PROTECTPRO® FOR NETWORKS FEATURING PROTECTWARE® TEMPLATES
ONE END-USER LICENSE AGREEMENT
 

THIS IS A LEGAL AGREEMENT (“AGREEMENT”) BETWEEN PROTECTPRO SOLUTIONS (“PS”) AND THE INDIVIDUAL OR ENTITY (“LICENSEE” or “LICENSEE ENTITY”) THAT HAS PURCHASED THIS LICENSE TO USE THE PROTECTPRO® FOR NETWORKS PRODUCT WITH THE PROTECTION PLAN AND TOOLS IN ALL FORMS, INCLUDING THE PROTECTWARE® TEMPLATES, PROGRAM FILES, AND ACCOMPANYING WORKBOOK, GUIDE, AND RELATED DOCUMENTATION (“SOFTWARE”). PS IS WILLING TO GRANT LICENSEE THE FOLLOWING LICENSE TO USE THE SOFTWARE ON THE CONDITION THAT LICENSEE ACCEPTS ALL OF THE TERMS IN THIS AGREEMENT. IF LICENSEE DOES NOT AGREE TO ANY OF THESE TERMS, PS IS UNWILLING TO LICENSE THE SOFTWARE TO LICENSEE, THEN LICENSEE SHOULD RETURN THE SOFTWARE (INCLUDING THE CD-ROM, WORKBOOK, GUIDE AND OTHER MATERIALS RECEIVED FROM PROTECTPRO SOLUTIONS) WITHIN 7 CALENDAR DAYS OF PURCHASE, WITH ITS RECEIPT, TO THE PLACE OF PURCHASE FOR A REFUND OF THE AMOUNT LICENSEE PAID FOR SUCH SOFTWARE.

1. License. Subject to the terms and conditions of this Agreement, PS grants to Licensee Entity a nontransferable, nonexclusive, world-wide license (a) to use the Software to fill out and complete the Templates included in the Software solely to develop a set of network protection plan and tool documents (“Documentation”) for the protection and recovery of one Site (defined below) and to create updates of such Documentation (“Completed Templates”); (b) to modify the Templates for internal use at one Site only; (c) to print out the Completed Templates; and (d) to distribute the Completed Templates in whole or in part to individuals within the Group solely for the purpose of using the Documentation for one Site.
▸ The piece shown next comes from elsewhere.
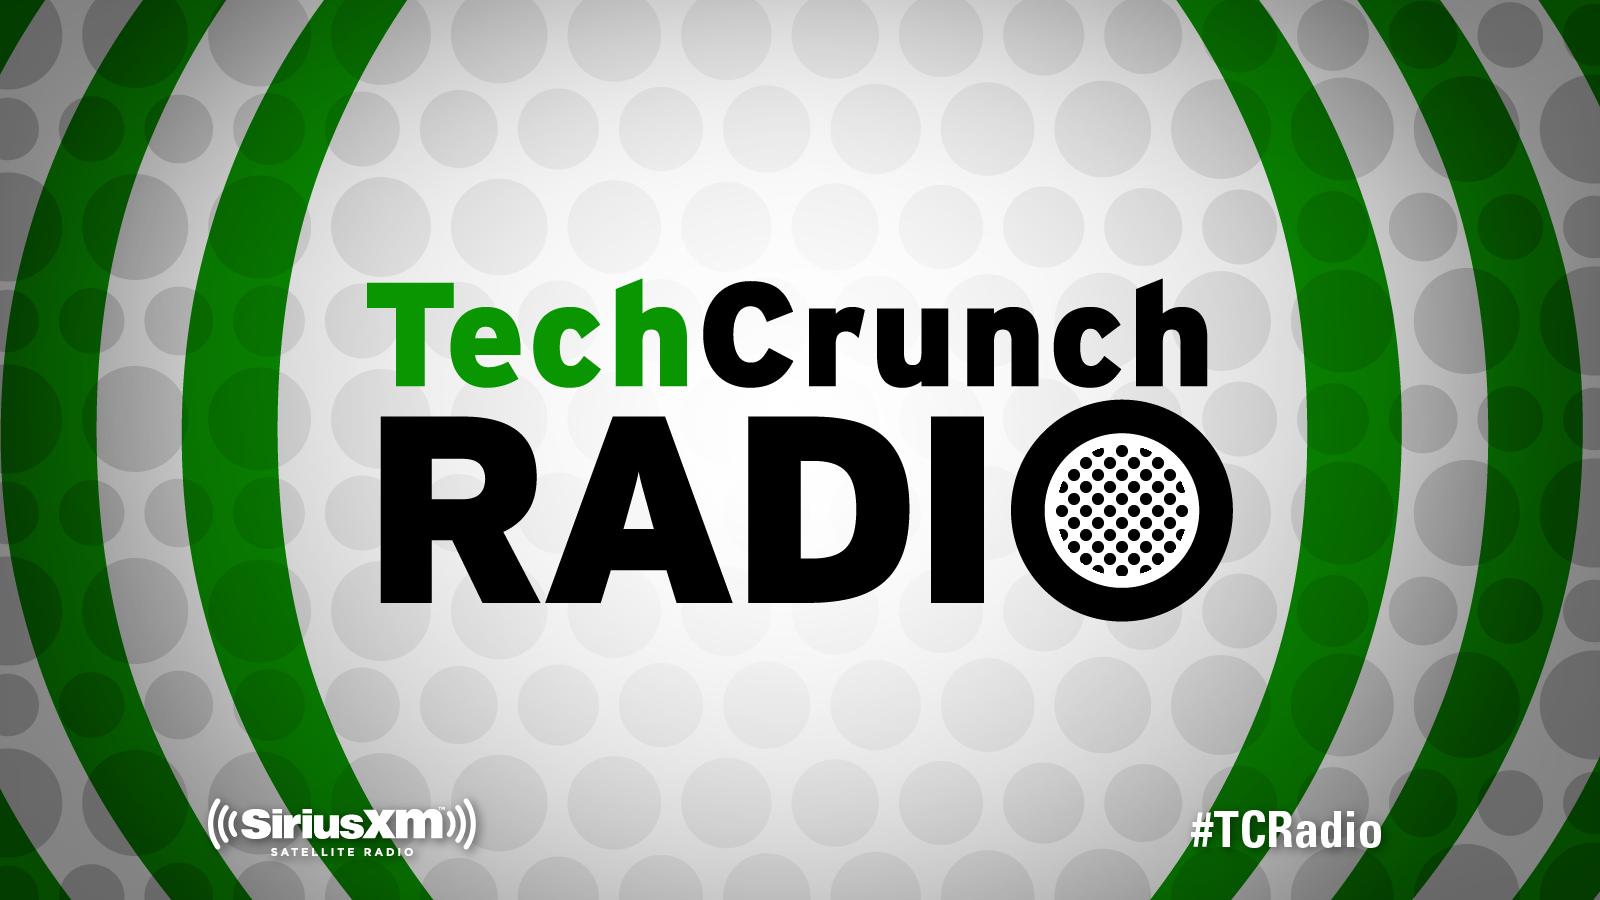 techcrunch-radio1
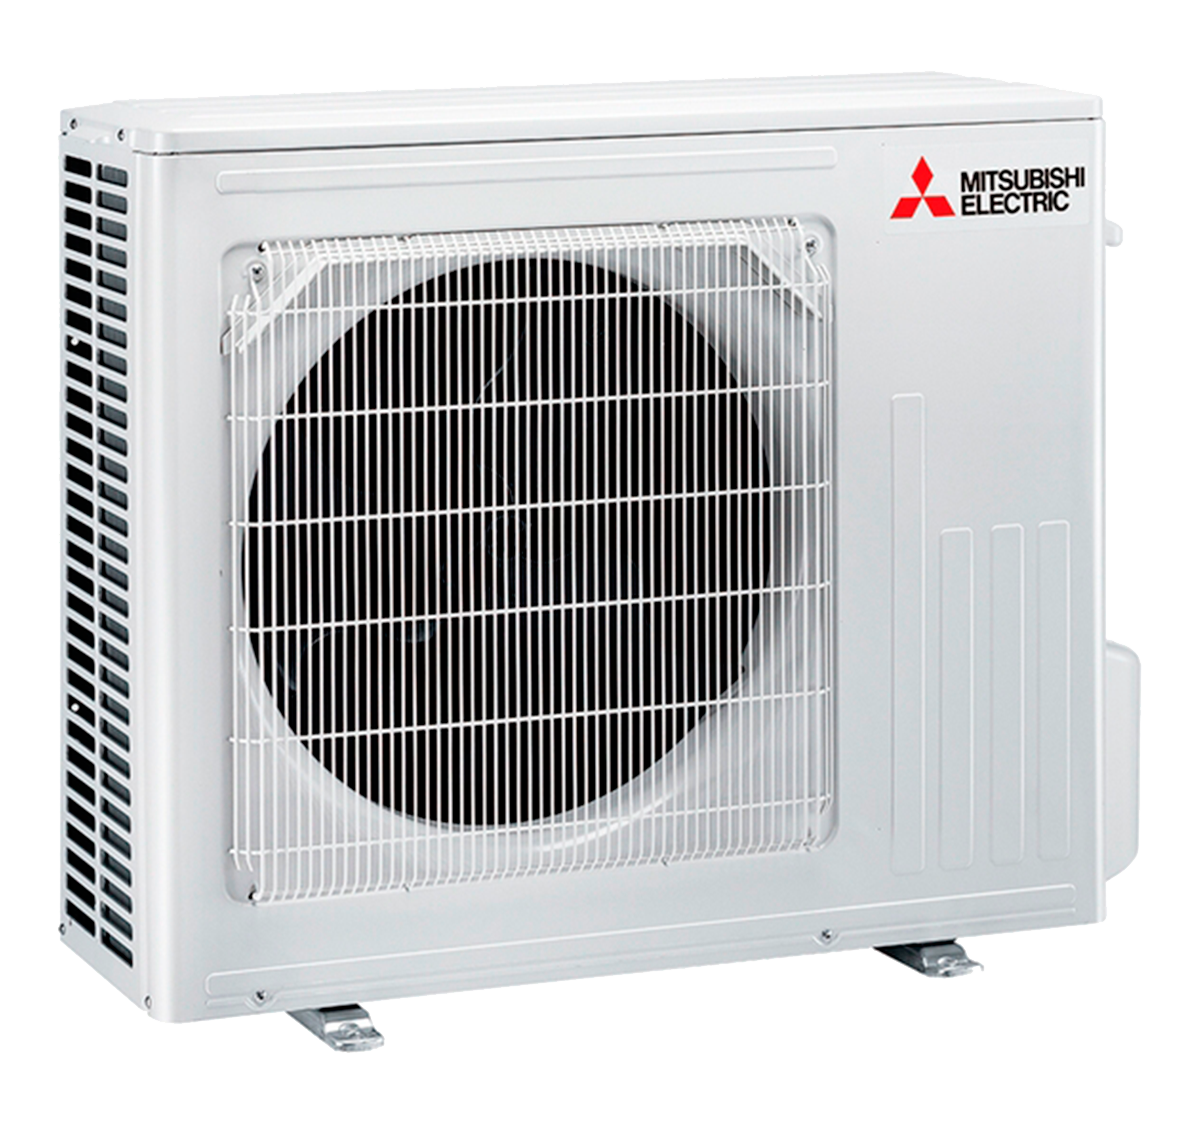 aire acondicionado unidad exterior mitsubishi electric inverter muz ln50vg serie kirigamine style modelo msz ln50vgb precio incluido instalacion caseragua 01

For the purpose of this Agreement, Licensee Entity means members of the Group (defined below) identified in the Documentation with a need to know in order to participate, develop, fund, or supervise the Documentation for one Group to protect and recover one Site. “Group” means one business, department, branch, division, or similar unit at one Site and with up to 80 employees, whether at that site, at home, or on the road, and its key vendors, business partners, and/or customers. “Site” means the computer infrastructure located in one server room at one physical location and its backup locations. (A group with more than 80 employees will need to purchase additional licenses.) PS RECOMMENDS HIRING AN EXPERT RESOURCE TO USE THIS PRODUCT.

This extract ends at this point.